In Too Deep

by Flynncantation



Category: South Park
Genre: Addiction, Anxiety, Craig is enamoured, Depression, Drug Abuse, Heartache, M/M, Sexual Content, Tweek is a mess
Language: English
Status: In-Progress
Published: 2018-06-01
Updated: 2018-06-01
Packaged: 2019-05-16 20:04:35
Rating: Explicit
Warnings: Creator Chose Not To Use Archive Warnings
Chapters: 1
Words: 1,017
Publisher: archiveofourown.org
Story URL: https://archiveofourown.org/works/14817995
Author URL: https://archiveofourown.org/users/Flynncantation/pseuds/Flynncantation
Summary: Love can overcome many things, and Craig is going to make damn sure it’s going to overcome this fresh hell.





	In Too Deep

**Prologue**

An addict poisoned for the first six years until they need more and more and more to chase that dreaded, wonderful high is unlikely to come out the other side with all faculties intact. And when that continues for another three years until at some point, something, or someone, snaps…?

Craig had had it. It was get help or get lost. Of course, Craig had never once meant that, no matter how many times he’d said it, which was perhaps part of the reason why Tweek had never quite managed to claw his way out the other side of a blissful illusion-soaked hell.

Tweek tried to swap one defeating addiction for another. And to his credit, it wasn’t always an addiction he switched out that dirty habit for: meditation, mindfulness, long walks.
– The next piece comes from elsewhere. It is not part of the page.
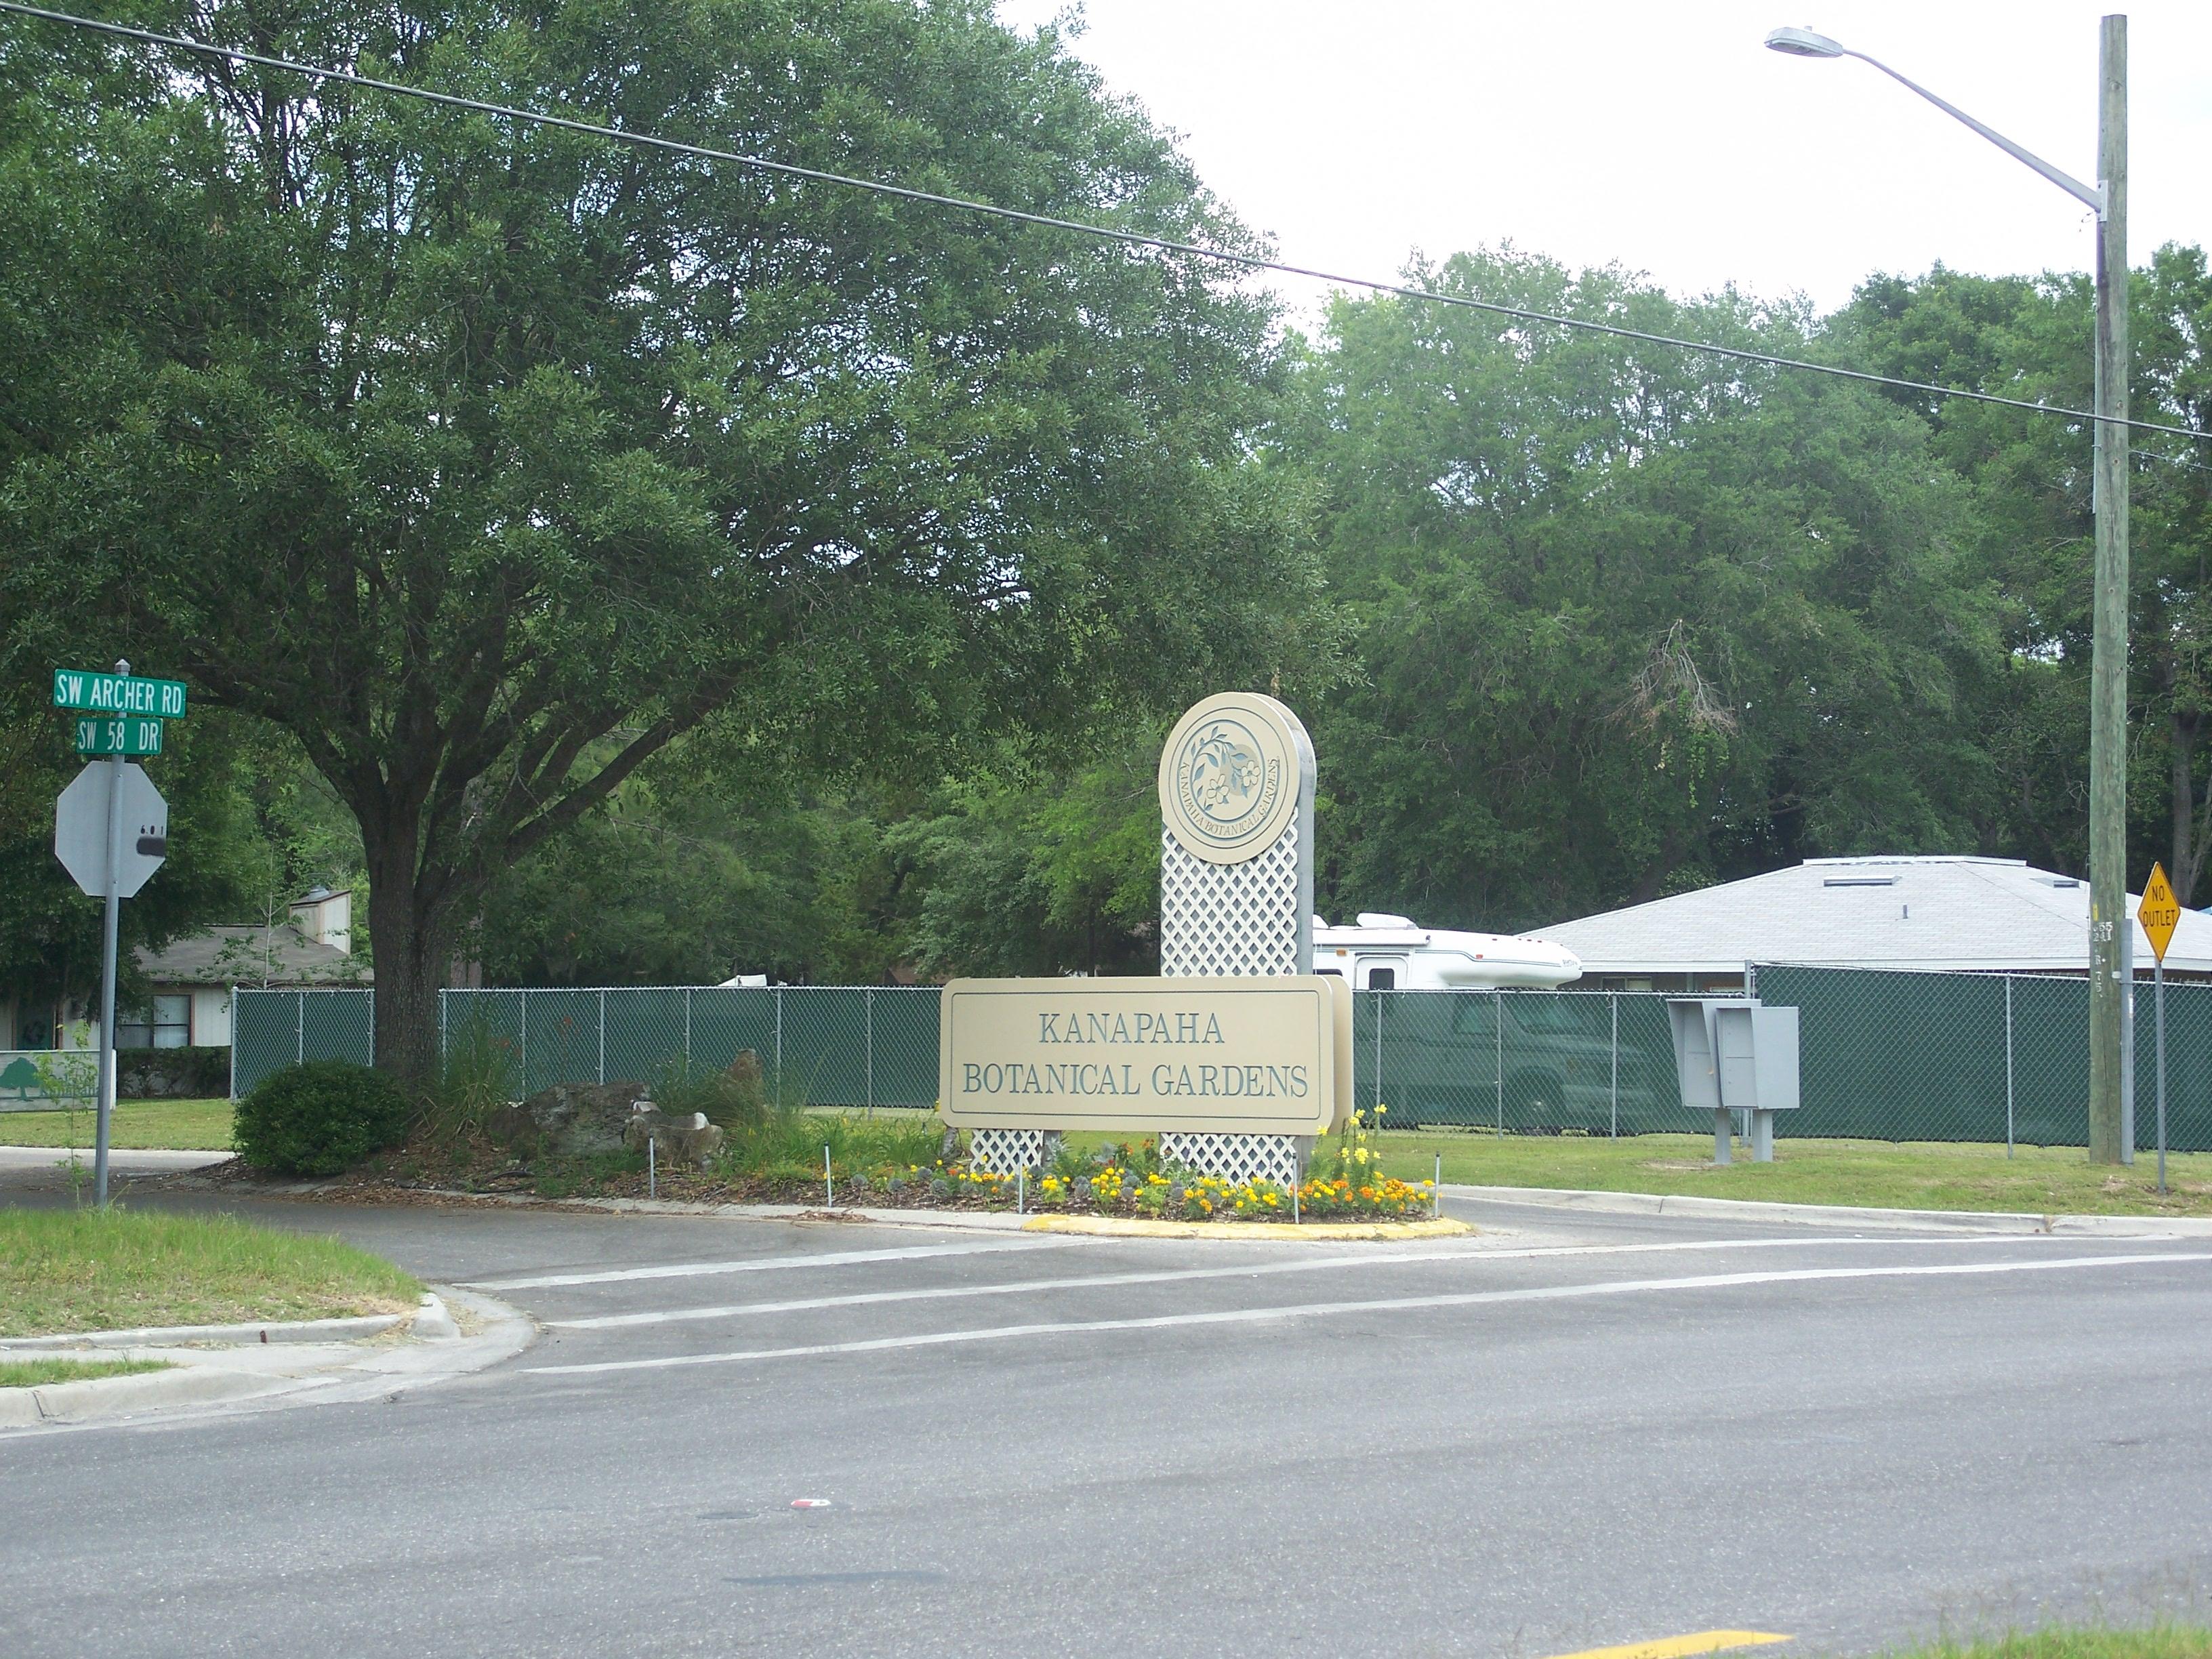 File:Gainesville FL Kanapaha Botanical Gardens Sign01

At times he could make a week, draw on something in his gut telling him this monster is going to destroy him from the outside in, leech the life and soul from him until nothing of him is left but a dirty, crushing, all-consuming addiction.

At first it was Ket (the “dissociative anaesthetic - Tweek looked it up, briefly felt like more of a lowlife scummer for thinking that sounded cool). Before he knew it as Ketamine, he knew it as Special C, Cat Valium and other nonsensical names tossed around by back-alley dealers and the occasional high-schooler trying to play Big Boy.
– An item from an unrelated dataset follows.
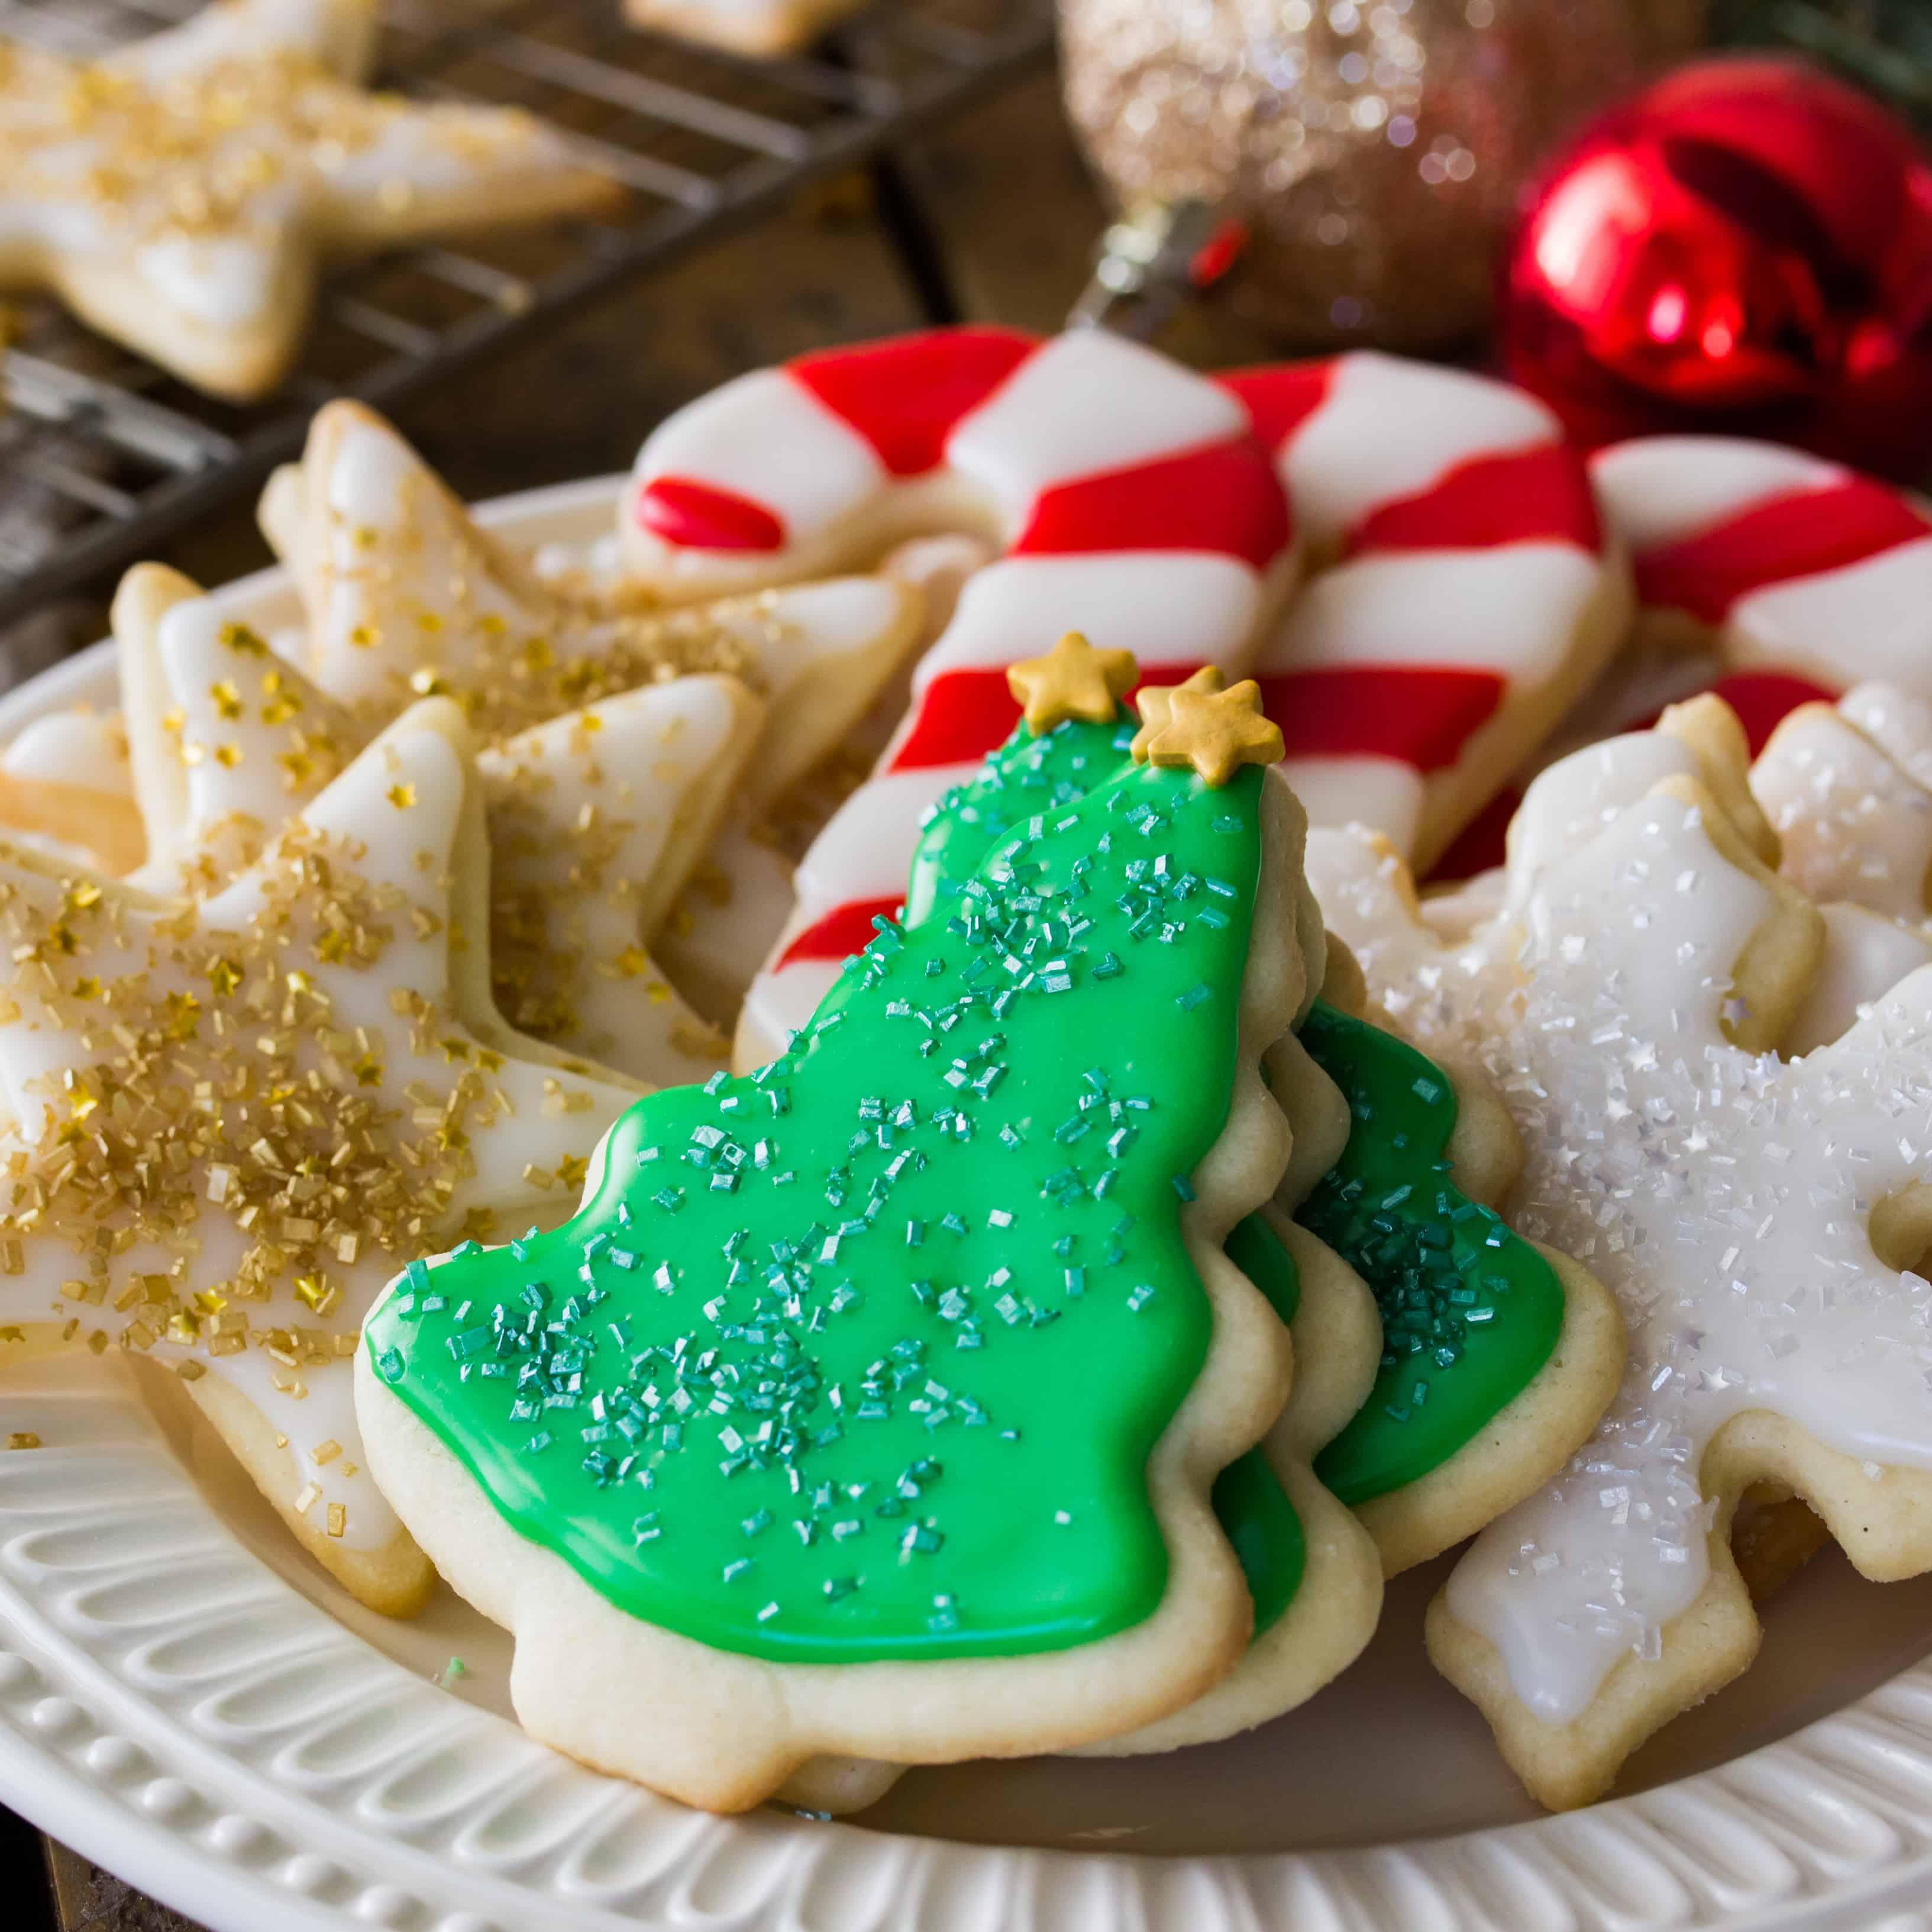 10 Amazing Easy Sugar Cookie Decorating Ideas easy sugar cookie recipe with frosting sugar spun run 2021

For a while, it kinda worked out for him. Take a bump and get that hazy, floating sensation. But take too much? The Horrors, Tweek called it. Paranoia, anxiety, and uncontrollable, terrified tears.

He was taught the only way to come back up was coke. So, that came next. But then it was too many lines, and Tweek would sleep even less than usual, and the deafening thud of his heart inside his ribcage thundering like wild horse-hooves, well that sent him scrambling back for more of that nose-singeing K, just so he could sleep, for once just sleep.

Two addictions instead of one.

“Are you fucking stupid!?” Craig had raged when he found out, thinking in his naivety that Tweek was doing such a great job, coping so well. Tweek was attending therapy, getting medical help. It was Craig’s naivety and desperation that sought and believed the changes in Tweek’s face, the freshness to him, the glow in his skin, the bounce in his step he’d never in a million years figured was just another symptom of a coke-high. Craig had never made a habit of being drug-savvy.

But it all made sense when he found out. “That’s why you didn’t want me to come with you!” he continued, Tweek a balling mess in the passenger seat of Craig’s car. An accidental text to him had revealed the full truth of Tweek’s battle, a text that was meant for Kenny, not Craig. Kenny-fucking-McKormick, Craig’s least favourite asshole.

“Stop yelling at me!” Tweek yelled in return, voice thick with snot and guilt. He grappled with his seatbelt and lost, instead helplessly clawing at the door lock. Child locks were a blessing, Craig thought. Sometimes it felt like he was fighting with an unruly, tantrumming two-year-old.

“But you don’t listen, Tweek!”

With both fists Craig had grabbed him by his hair, yanking him to face him. “You’ve been lying to me this whole damn time and I’ve lapped every lie up like a goddamn idiot!”

“I know. I know!” Tweek cried, letting Craig frustratedly tug his hair because he deserved it anyway, didn’t he? He should feel the pain.

Using his too-long shirt sleeve he wiped the sloppy mess dribbling from his nose, trying in vain to sniff the rest back in.

Craig still thought he was beautiful. What was the phrase: “A hot mess”? That suited him down to a tee in that moment, inappropriate as the thought was, lingering and lustful and hard and dark.

“You’re killing yourself,” Craig said, calmer now, despite the tears shivering at the corners of his eyes. “I can’t...won’t watch this happen. Understand me?”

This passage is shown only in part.